Problem
Let $f(x) = \dfrac{1}{1-x}$, find the Taylor polynomial $P_n(x)$ about $x_0 = 0$. Find a value of $n$ such that the approximation is within $10^{-6}$ on $[0, 0.5]$.
To find $P_n(x)$ is straightforward, $f^{(1)}(x) = \dfrac{-1}{(1 - x)^2}$ $f^{(2)}(x) = \dfrac{2}{(1 - x)^3}$ $f^{(3)}(x) = \dfrac{-6}{(1 - x)^4}$ $f^{(4)}(x) = \dfrac{24}{(1 - x)^5}$ $f^{(5)}(x) = \dfrac{-120}{(1 - x)^6}$ $\ldots$
$f^{(n)}(x) = (-1)^n \dfrac{n!}{(1-x)^{n+1}}$ At $x_0 = 0$, the Taylor polynomial is:
$P_n(x) = \dfrac{f(0)}{0!} + \dfrac{f^{(1)}(0)}{1!}x + \dfrac{f^{(2)}(0)}{2!}x^2 + \ldots + \dfrac{f^{(n)}(0)}{n!}x^n$ $= 1 - x + \dfrac{2}{2!}x^2 + \dfrac{-6}{3!}x^3 + \ldots + (-1)^n\dfrac{n!}{n!}x^n$ $= 1 - x + x^2 - x^3 + \ldots + (-1)^nx^n$
However, I realize this Taylor polynomial is weird somehow, for example if I plug in $x = 0.5$ then $f(x) = \dfrac{1}{1-0.5} = 2$ while approximate with the Taylor polynomial, $n$ has to be extremely large.

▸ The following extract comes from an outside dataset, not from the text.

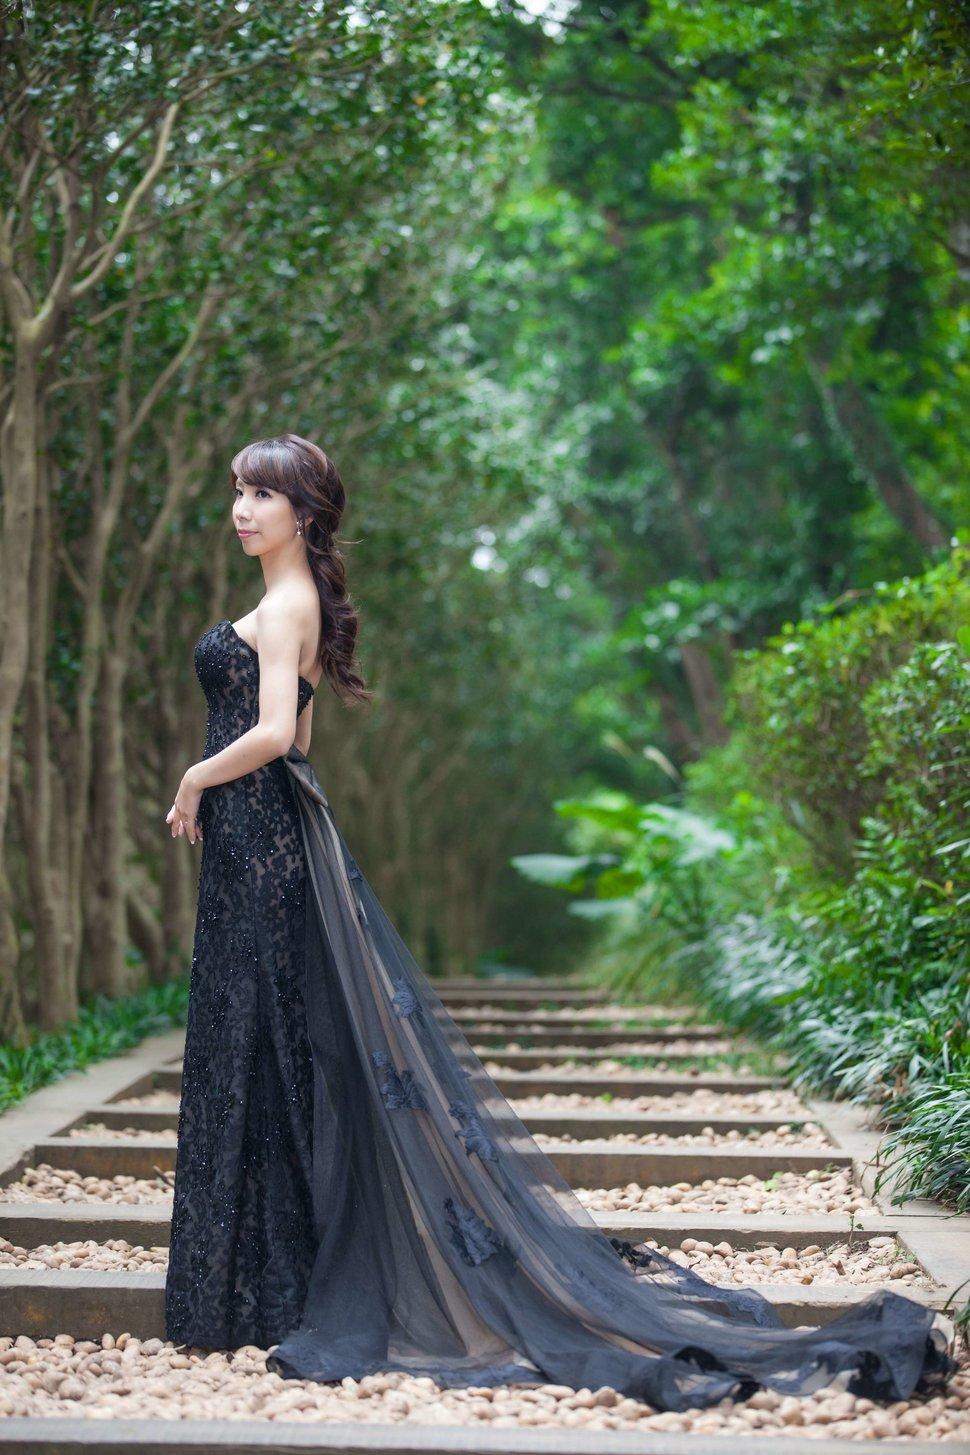 IMG_0552-1_縮 - 春之嫁衣精緻婚紗 - 結婚吧一站式婚禮服務平台

I don't even know how large it could be to get close to $10^{-6}$. On the other hand, to find the error approximation I use the formula $R_n(x) = \dfrac{f^{(n + 1)}(\xi(x))}{(n + 1)!} \cdot x^{n + 1} $ $= (-1)^{n + 1} \cdot \dfrac{(n + 1)!}{(1 - \xi(x))^{n + 2}} \cdot \dfrac{x^{n + 1}}{(n + 1)!}$ $= (-1)^{n + 1} \dfrac{x^{n + 1}}{(1 - \xi(x))^{n + 2}}$ where $x \in [0, 0.5] \implies \xi(x) \in [0, 0.5]$. Then to maximize $R_n(x)$, I picked $x = 0.5$ and $\xi(x) = 0.5$ which yields: $R_n(x) = (-1)^{n+1} \dfrac{0.5^{n+1}}{(1-0.5)^{n+2}} = (-1)^{n+1}\dfrac{1}{0.5^n}$
Apparently, this doesn't make any sense because $R_n$ is getting bigger and bigger as $n$ increase. And the solution in the textbook is $n = 19$. So there must be something wrong along the way, but I couldn't find where. I wonder if anyone could give me a hint to this problem. I'm new to Numerical Analysis and my lecture notes doesn't help at all. Thanks a lot in advance.